Как часто Генри слышал кашель брата и видел, как тот сплевывает кровь? Совершенно очевидно, почти всегда. Нельзя забывать, что он не любил и презирал брата, считал, что тот занял его место в сердце матери. Знал ли он, что означает кровохарканье? Очевидно, нет никаких причин предполагать, что Амелия старалась скрыть свое горе. Вне всякого сомнения, Генри видел ее приступы тошноты и головокружения. Ему было семь — это уже сознательный возраст. Его брат харкал кровью, а мать вела себя так, словно наступает конец света; таким образом, кровь означала, что Билли серьезно болен и может умереть. Разве не мог Генри смотреть на кровь на подушке брата и радоваться тому, что она означает?

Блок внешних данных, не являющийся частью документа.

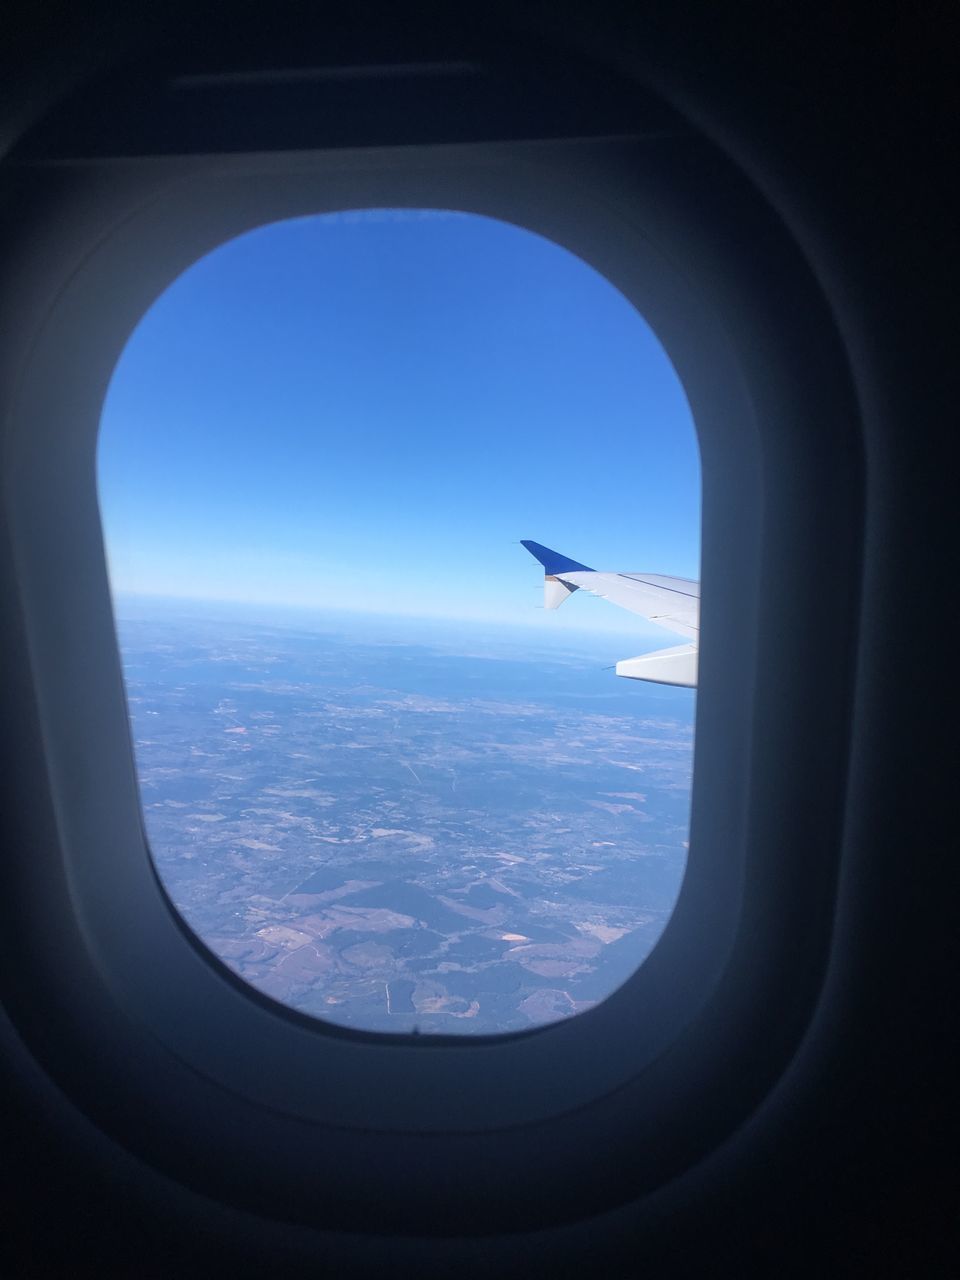 AIRPLANE FLYING OVER SEA SEEN THROUGH WINDOW

Я задаю себе вопрос — который, возможно, так и останется без ответа, — не началось ли увлечение Генри кровью с того, что он связал красное пятно на подушке Билли с устранением соперника и более счастливой жизнью.


После ужина мы с Джуд едем домой. Палата лордов заседает до десяти минут четвертого утра, и обсуждение прекращается после того, как лорд Вивиан приводит статистику, какое количество пэров присутствует ежедневно на заседаниях палаты, а лорд Фальконер заверяет, что изменения, предусмотренные законопроектом, сделают Палату более независимой. Сегодня дебаты продолжатся. Приближается Пасха, завтра Палата закроется до 12 апреля, а вскоре после этого начнется обсуждение в комитетах. Джуд взяла два дня выходных, и мы собираемся в Йоркшир, чтобы воспользоваться приглашением нынешнего владельца и взглянуть на родовое гнездо Генри.

Джуд почти на восемь лет моложе меня, то есть до сорока ей еще далеко. Эти несколько лет для нее очень важны — это значит, что у нее еще есть шанс родить ребенка. В отличие от Амелии Нантер, трудностей с зачатием у нее нет. Похоже, она не в состоянии носить ребенка больше двух или трех месяцев. У меня есть сын от первого брака, Пол, мой наследник, который в свою очередь сидел на ступенях трона. Если у нас родится ребенок, я буду счастлив за Джуд. Мне бы хотелось увидеть ее радость, и иногда я действительно представляю, что она скажет, какие планы будет строить и как ее лицо будет светиться счастьем. Но я не хочу ребенка так, как хочет она, и в глубине души не верю, что он у нас будет. Джуд забеременела три года назад, но потеряла ребенка на восьмой неделе, затем снова забеременела, и выкидыш случился на третьем месяце. Недавно она попробовала какое-то новое лечение, однако оно не помогает — по крайней мере пока, если судить по ее лицу. Джуд сидит в поезде напротив меня, с той стороны, где расположены одиночные сиденья, и нас разделяет столик. Она выглядит абсолютно нормальной, не бледной и не больной, но опущенные уголки рта и страдальческий взгляд свидетельствуют о том, что у нее менструация.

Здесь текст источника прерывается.